5.2. Results and Analysis
Table 4 shows the performance of our model together with previous methods described above. Models in the first part of the table use traditional neural network methods. These methods rely on well-designed attention and LSTM to process static word embeddings. These pretrained word embeddings are generated on large-scale generic corpus or domain-related datasets  through the Word2Vec  or GloVe  method. The second part includes previous multitask learning methods on aspect-level sentiment analysis. The third part shows other models based on the BERT representation. For better performance, they also include customized revisions for the fine-grained sentiment analysis task. Compared with the methods above, our SMLN model shows clear performance improvement over the baseline methods on three datasets from SemEval-2014 and SemEval-2015. This result benefits from the multitask learning setting as well as the information exchange mechanism in CIU.

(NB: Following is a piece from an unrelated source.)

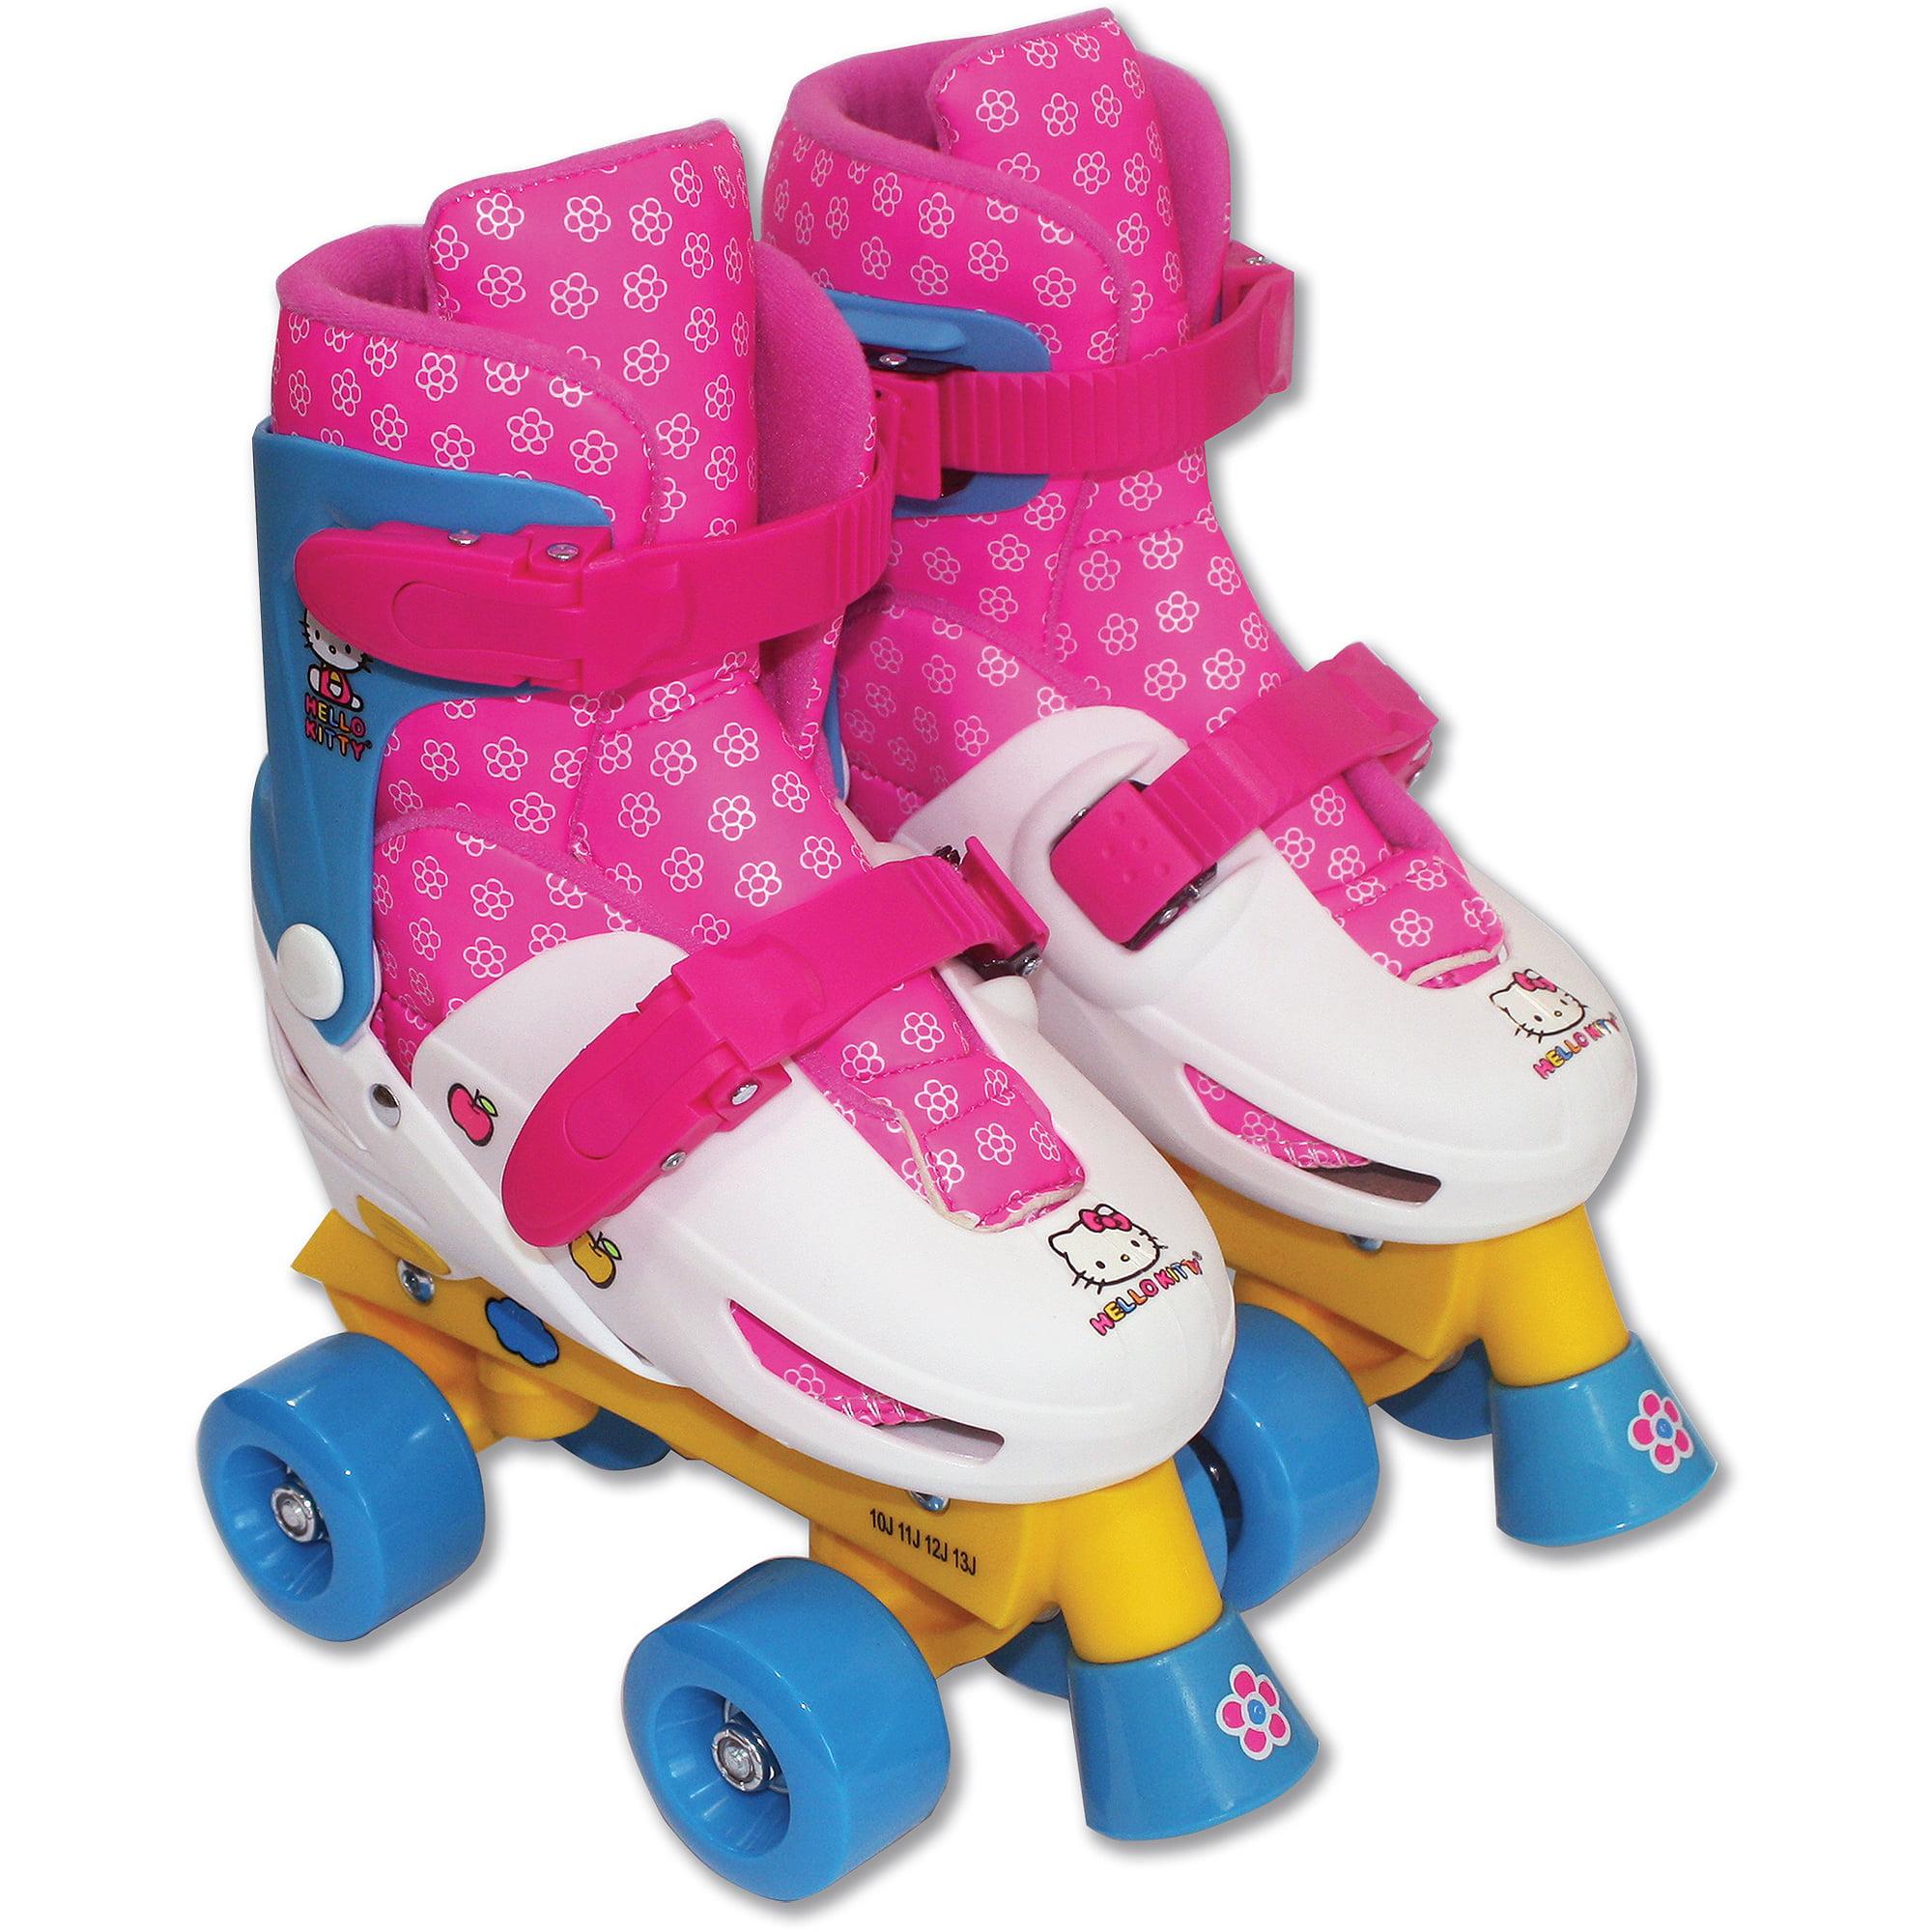 Roller shoes walmart - Roller Shoes Walmart 15

For the ABSA task, BERT-based models have achieved significant accuracy improvement in comparison to the original static word embeddings. The multilayer Transformer stack structure of BERT has the clear advantage of representing the intrinsic semantics of terms in the context. BERT is a better choice as the shared representation layer in the model, in comparison to static embeddings which lack flexibility in word semantics. When compared to other BERT-based methods, our model still shows significant improvements, about 5% over the baseline BERT-FC model. Our analysis shows that the improvement is mainly from the multitask learning framework. In this work, we introduce opinion terms extraction (OTE) as an auxiliary task. OTE and ABSA tasks are closely related, but there are also clear differences between them. Complementary information from similar but different applications can be used as regularization items between tasks. It effectively improves the generalization performance of the model. In order to further improve the transmission of complementary information between different tasks, we design the CIU module based on an improved self-attention mechanism.
5.3. Ablation Study
In order to study the effects of different components, we gradually add auxiliary tasks and CIU modules starting from the vanilla model. Vanilla model represents the combination of TD-BERT and LSTM network. The experimental results are shown in Table 5, in which each variant adds a new module based on the previous model. With only the auxiliary task to form a multitask framework, the model achieves a small but noticeable improvement for both the 14Lap and 14Res dataset. It can be considered as the generalization performance improvement brought by the multitask method. At this time, the model cannot benefit from the emotional information provided by the auxiliary task. When the CIU module is added, the additional improvement is about twice that of the previous step. With the CIU, the emotional knowledge has been successfully transferred to the ABSA task.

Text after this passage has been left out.